As long as he is in the water, at least he doesn't weigh much; but when, taking hold of the line threaded through the top of the aluminum mast, he struggles to place his weight on the centerboard, at first with his arms and then with his feet, he feels crushed by his own limp load of slack muscle and fat and guts. The pain in his chest gathers to such a red internal blaze that he squeezes his eyes shut to blot it out, and blindly then he feels with a suck of release the sail lift free of the water and the centerboard under him plunge toward vertical. The boat knocks him backward as it comes upright, and the loose wet sail swings its boom back and forth in a whipping tangle of line. He has no breath left and has an urge to give himself to the water, the water that hates him yet wants him.

But the child with him cheers. "Yaay! You did it! Grandpa, you O.K.?"

"I'm great. Can you get on first, honey? I'll hold the boat steady."

After several failed leaps out of the water Judy plops her belly on the curving deck, her blue-black bottom gleaming in two arcs, and scrambles to a crouching position by the mast.

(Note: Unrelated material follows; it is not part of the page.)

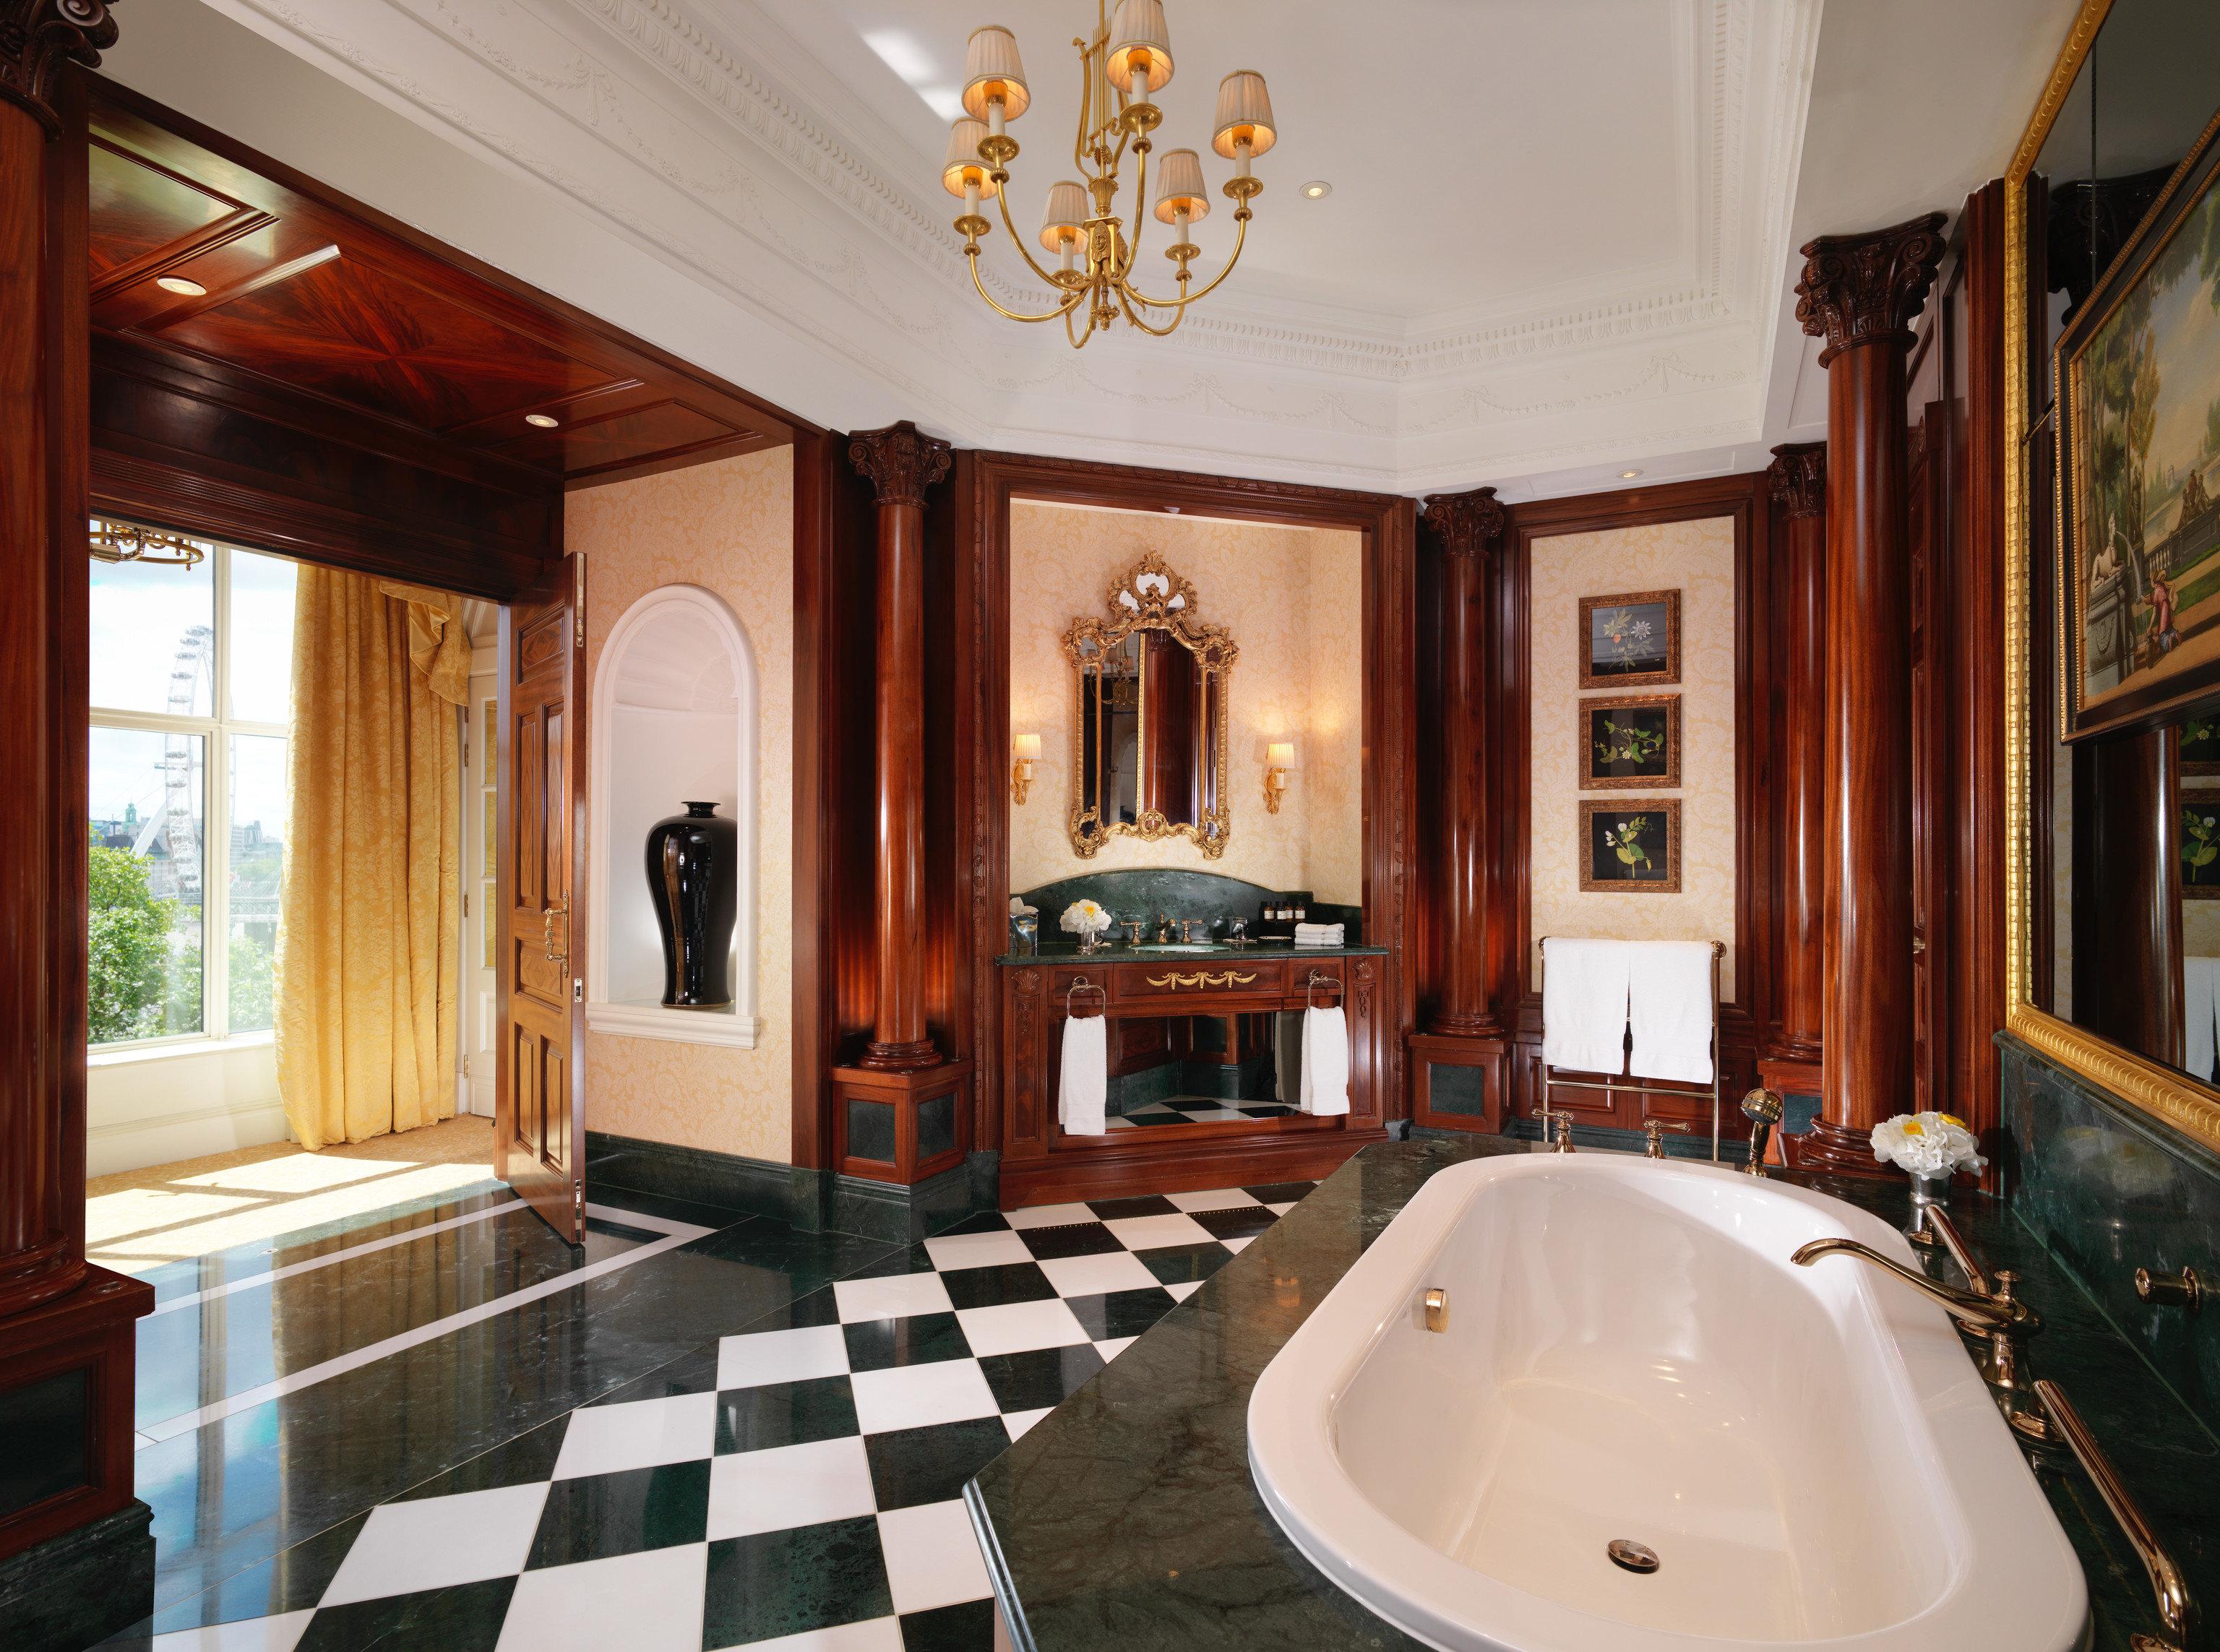 Hotels London Luxury Travel indoor bathroom window room property ceiling estate interior design sink real estate Suite flooring tub tile bathtub Bath tiled

"Now," he announces, "here comes the whale," and, lifting his mind clear of the striated, pulsing squeezing within his rib cage, rises up enough out of the water to seize the tipping hull with his abdomen. He grabs a cleat. The fake grain of the Fiberglas presses its fine net against his cheekbone. The hungry water still sucks at his legs and feet but he kicks it away and shakily arranges himself in his position at the tiller again. He tells Judy, "We're getting there, young lady."

"You O.K., Grandpa? You're talking kind of funny."

"Can't breathe too well. For some reason. I might throw up. Let me rest a minute. And think. We don't want to. Tip this fucker over again." The pain now is down both axis and up into his jaw. Once Rabbit told someone, a prying clergyman, somewhere behind all this there's something that wants me to find it. Whatever it is, it now has found him, and is working him over.

"Do you hurt?"

"Sure. My ear where you pulled it. My leg where I scraped it." He wants to make her smile but her starry-eyed study of him is unremittingly solemn. How strange, Rabbit thinks, his thoughts weirdly illumined by his agony, children are, shaped like us, torso and legs and ears and all, yet on a scale all their own – subcompact people made for a better but also a smaller planet. Judy looks at him uncertain of how seriously to take him, like yesterday when he ate the false peanuts.